Background: The prevailing sodium intake and renin-angiotensin system status influence the blood pressure response to an angiotensin II type 1 (AT1) receptor antagonist or an angiotensin I converting enzyme inhibitor, which is known to be reinforced by a low sodium intake or administration of a diuretic.
Objective: To investigate the possibility that combining both drugs might be more effective in conditions of high sodium intake than blocking the renin-angiotensin system in a single step.
Methods: In a placebo-controlled, four-period crossover study in 12 normotensive volunteers who received a high sodium chloride intake (more than 250 mmol/day for 6 days), the haemodynamic and renin effects of a single oral dose of irbesartan 150 mg combined with fosinopril 20 mg were compared with those of a usual daily dose of fosinopril (20 mg) and a high dose of irbesartan (300 mg).
Results: The changes in blood pressure induced by fosinopril and irbesartan alone were not different from those of placebo, whereas the combination significantly decreased blood pressure. Simultaneously, it increased plasma active renin and prorenin concentrations to a greater extent than did each single-site blocker.

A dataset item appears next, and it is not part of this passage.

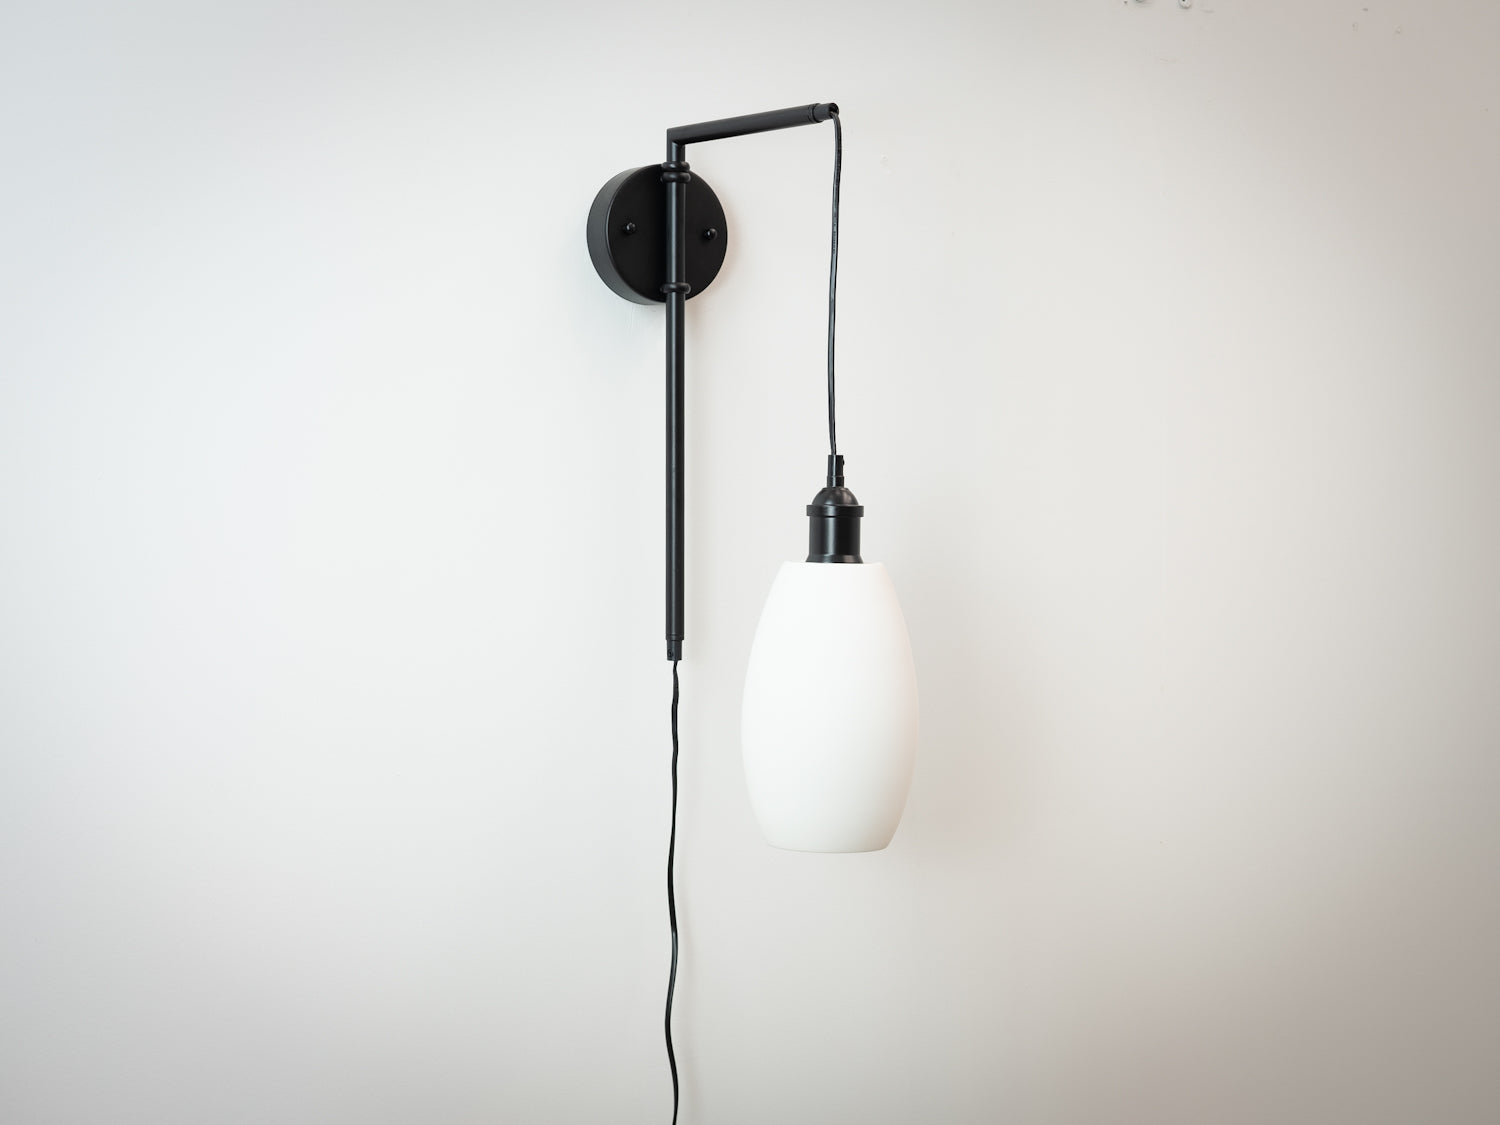 Frankie Swing Arm Wall Light with Ceramic Shade Options

Conclusion: In low-renin conditions, combined renin-angiotensin system blockade enables the demonstration of a persistent renin-dependency of the blood pressure. Through its more efficient blockade of the renin-angiotensin system, demonstrated by the increase in renin and prorenin, combined renin-angiotensin system blockade is more effective than doubling the usual dose of an AT1 receptor antagonist. This may offer an alternative strategy for treating patients with a range of renin concentrations, and may potentially increase the cardio- and nephrotective benefits through a more complete blockade of the renin-angiotensin system.